Leonard notices that Dodd is holding a gun and takes it from him. He then takes some duct tape out of Dodd's bag and puts it over his mouth. After taking a polaroid of Dodd, Leonard finds a note in his pocket that describes Dodd and says, "Put him onto Teddy or just get rid of him for Natalie." On the back of Dodd's Polaroid, Leonard writes, "Get rid of him. Ask Natalie." He puts Dodd's gun in the drawer and calls Teddy, asking him to come over.

Back in black-and-white, Leonard hangs up the phone with the person on the other end, asking them to call him back.

The scene shifts back to color, to another flashback that takes place before Leonard's run-in with Dodd. We see Leonard chasing Dodd through a trailer park. In the middle of the chase, Leonard tries to figure out what he's doing, and when he sees Dodd pull out a gun, he makes a run for it. Leonard manages to get to his car and drive away, pulling out the note about Dodd as he drives and reading it. Seeing that it says that Dodd lives at the Montcrest Inn, Leonard goes there, hoping to get ahead of him.

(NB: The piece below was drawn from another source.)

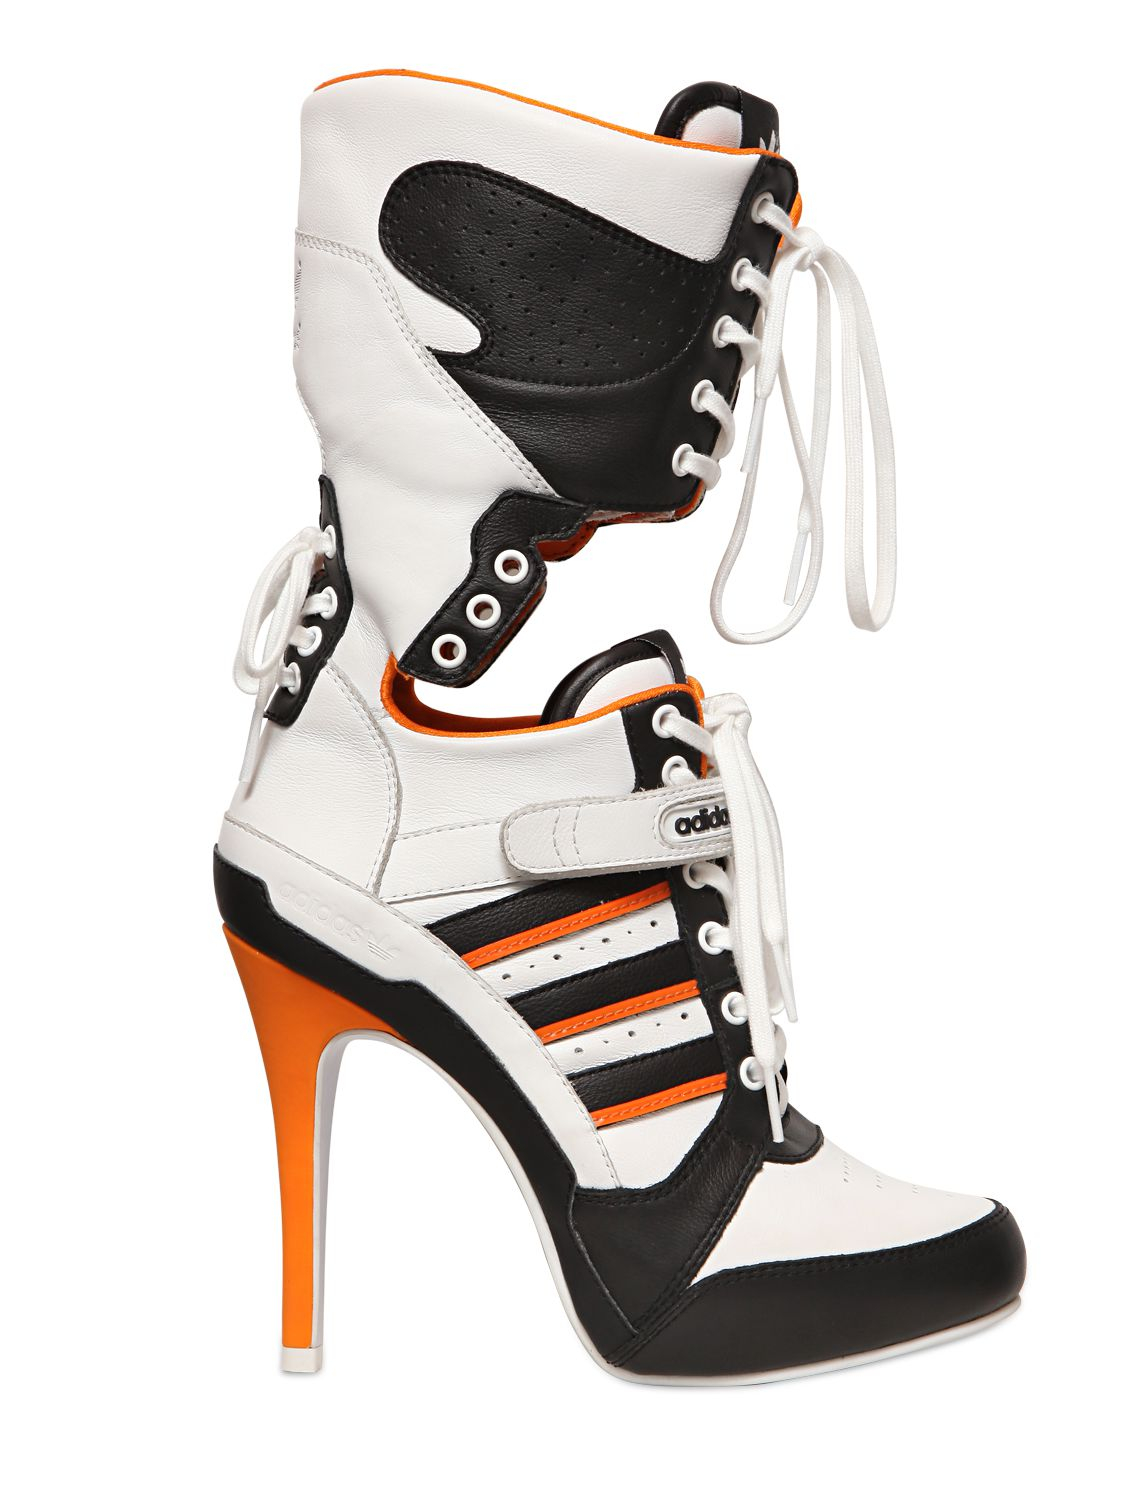 Jeremy Scott for adidas 130mm Js High Heel Leather Boots in White/Black  (Orange) | Lyst UK
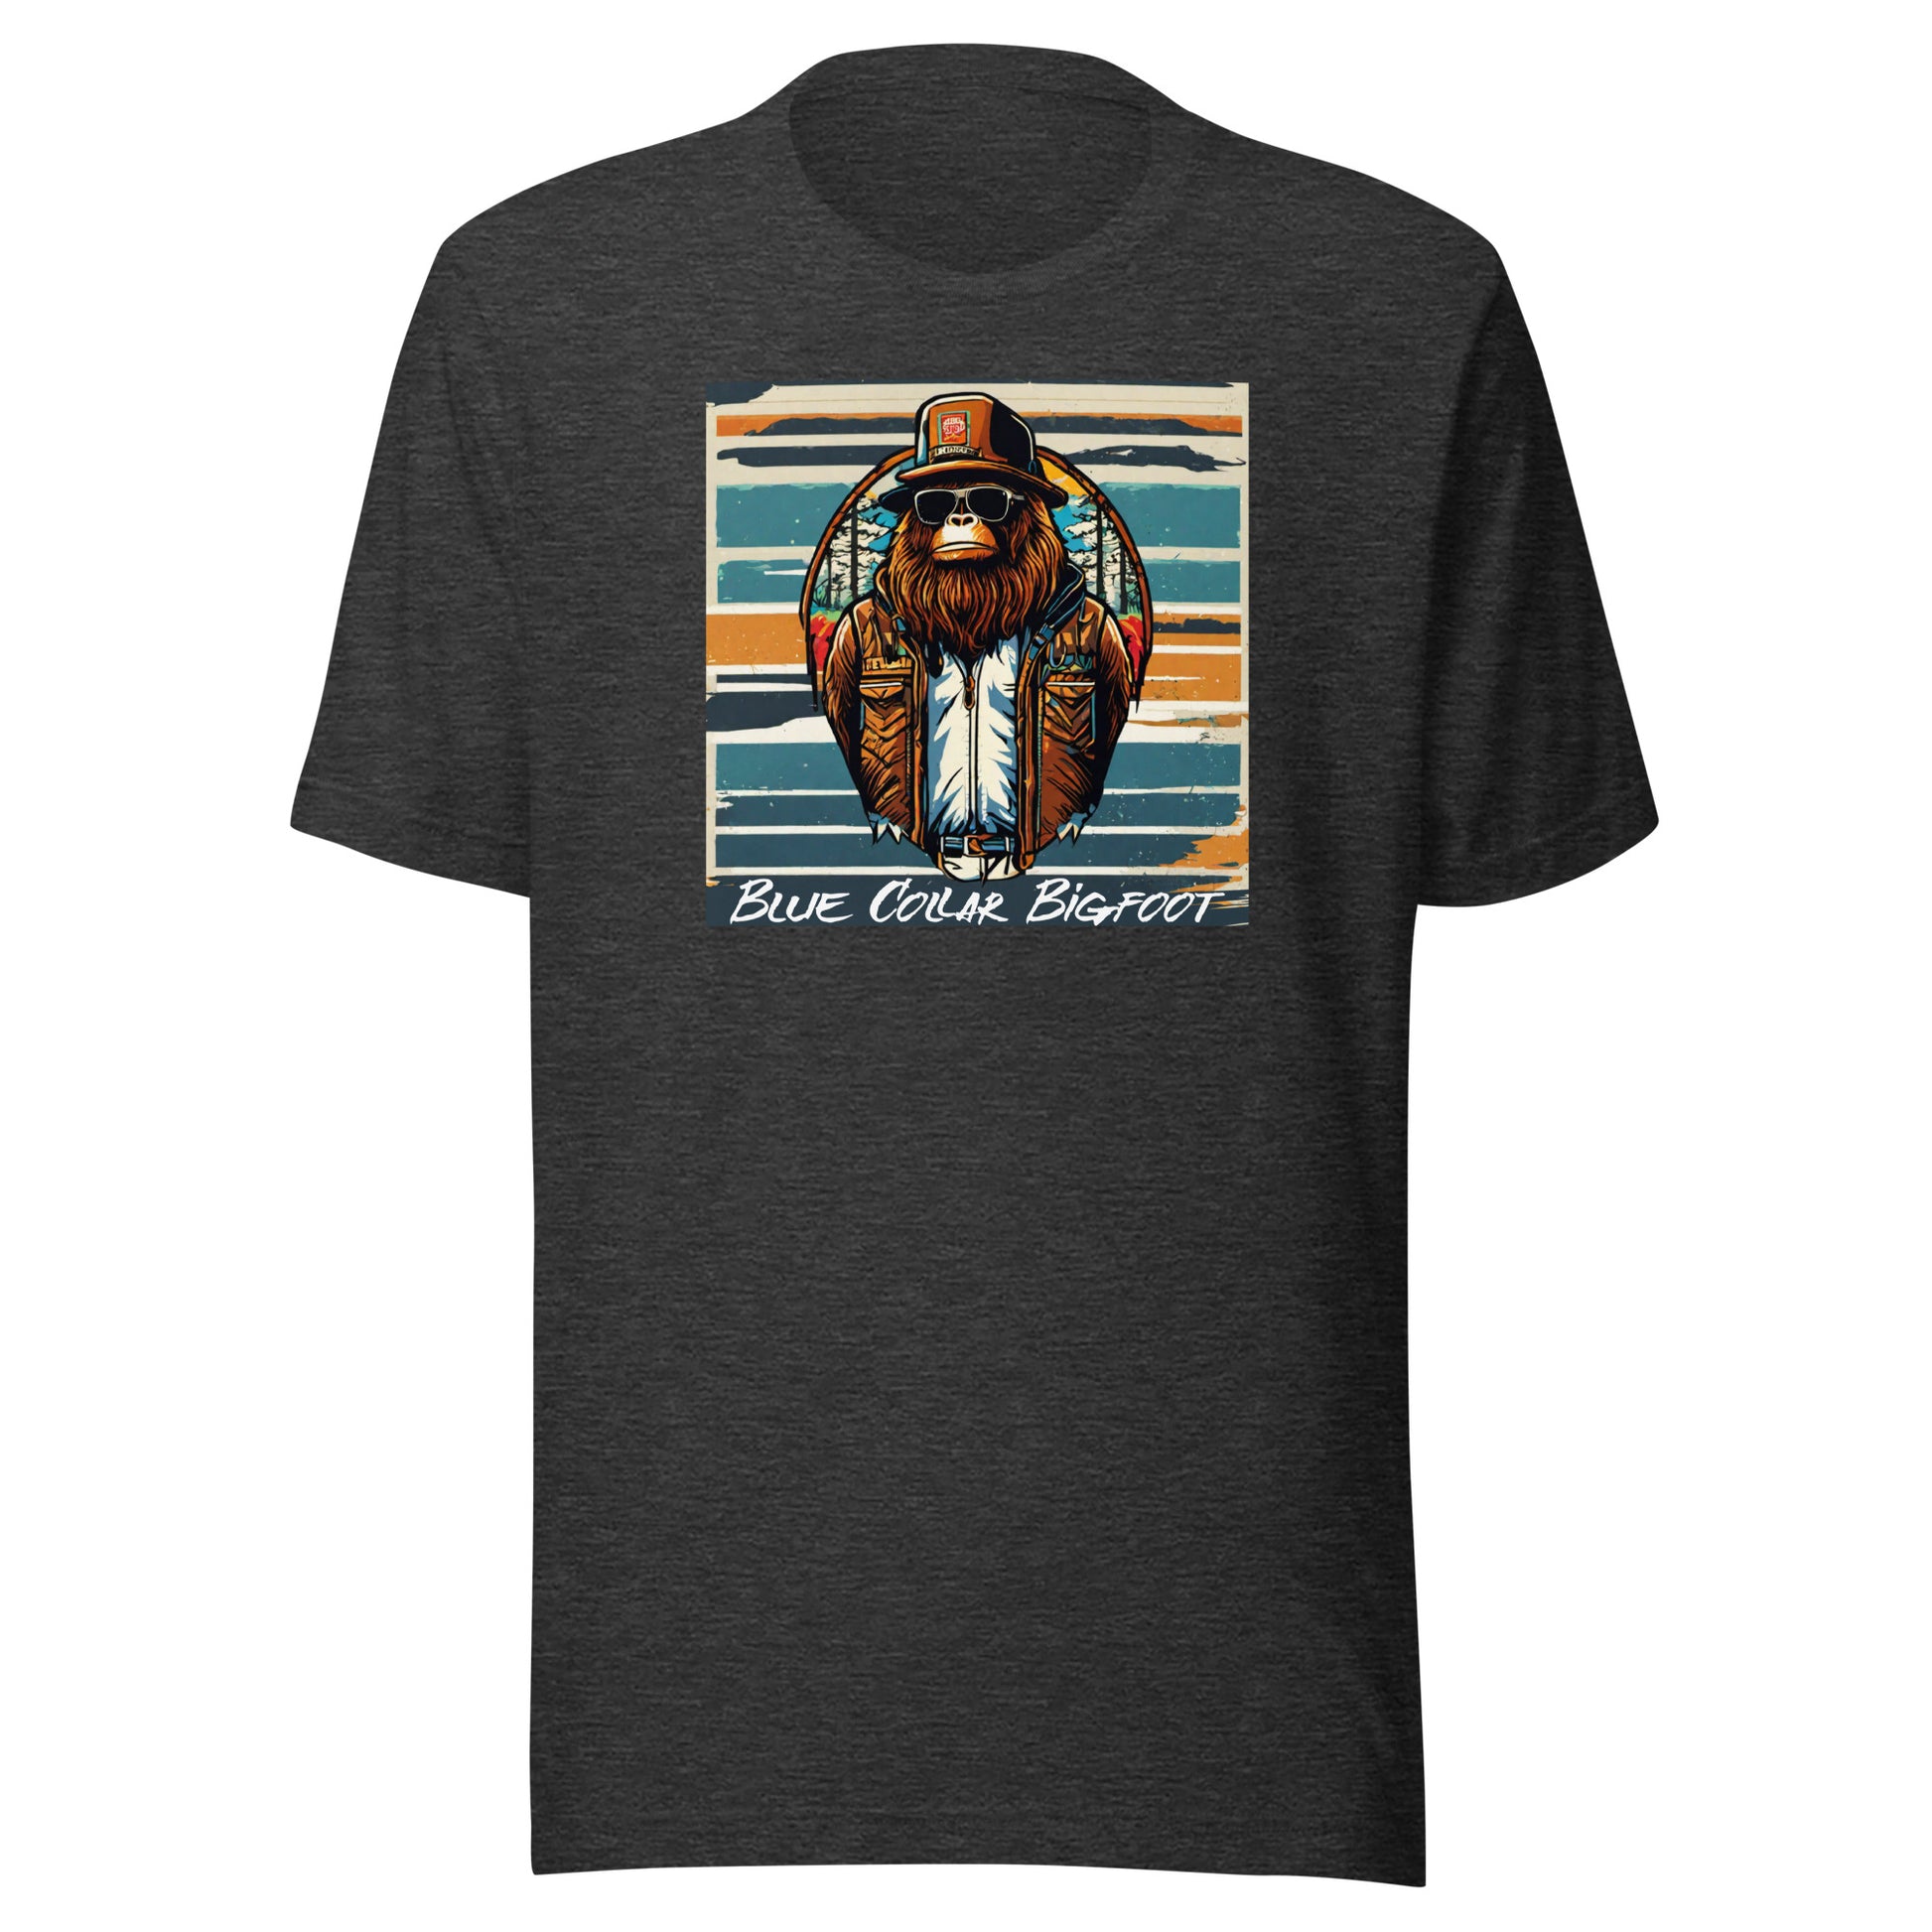 Blue-Collar Bigfoot Men's Graphic T-Shirt Dark Grey Heather

He pulls into a spot and goes to room 9, busting down the door when the man inside comes to open it. Leonard is confused when he notices that the man is not Dodd, and when he checks his note realizes that Dodd is in room 6, not room 9. Exasperated, Leonard goes to room 6 and breaks in, thinking to himself, "I need a weapon." He sees a whiskey bottle nearby and takes it into the bathroom, when suddenly he forgets where he is and we are back to the moment in which he thinks he is finding the whiskey bottle for the first time on the back of the toilet.

In black-and-white, we see Leonard making a needle out of a pen to give himself a tattoo. He picks up a note he's written to himself that reads, "Tattoo: Fact 5, Access to drugs."

In color, we see Leonard in the car, getting followed by Dodd in a red SUV, who he does not recognize. When Leonard pulls into an alleyway and asks Dodd what's going on, Dodd pulls out a gun and Leonard hastily drives away. As he pulls over, Dodd compliments Leonard's car, and Leonard lets him into the car, before making a run for it. As Leonard runs, Dodd shoots the window of his car and the window shatters. Dodd chases Leonard.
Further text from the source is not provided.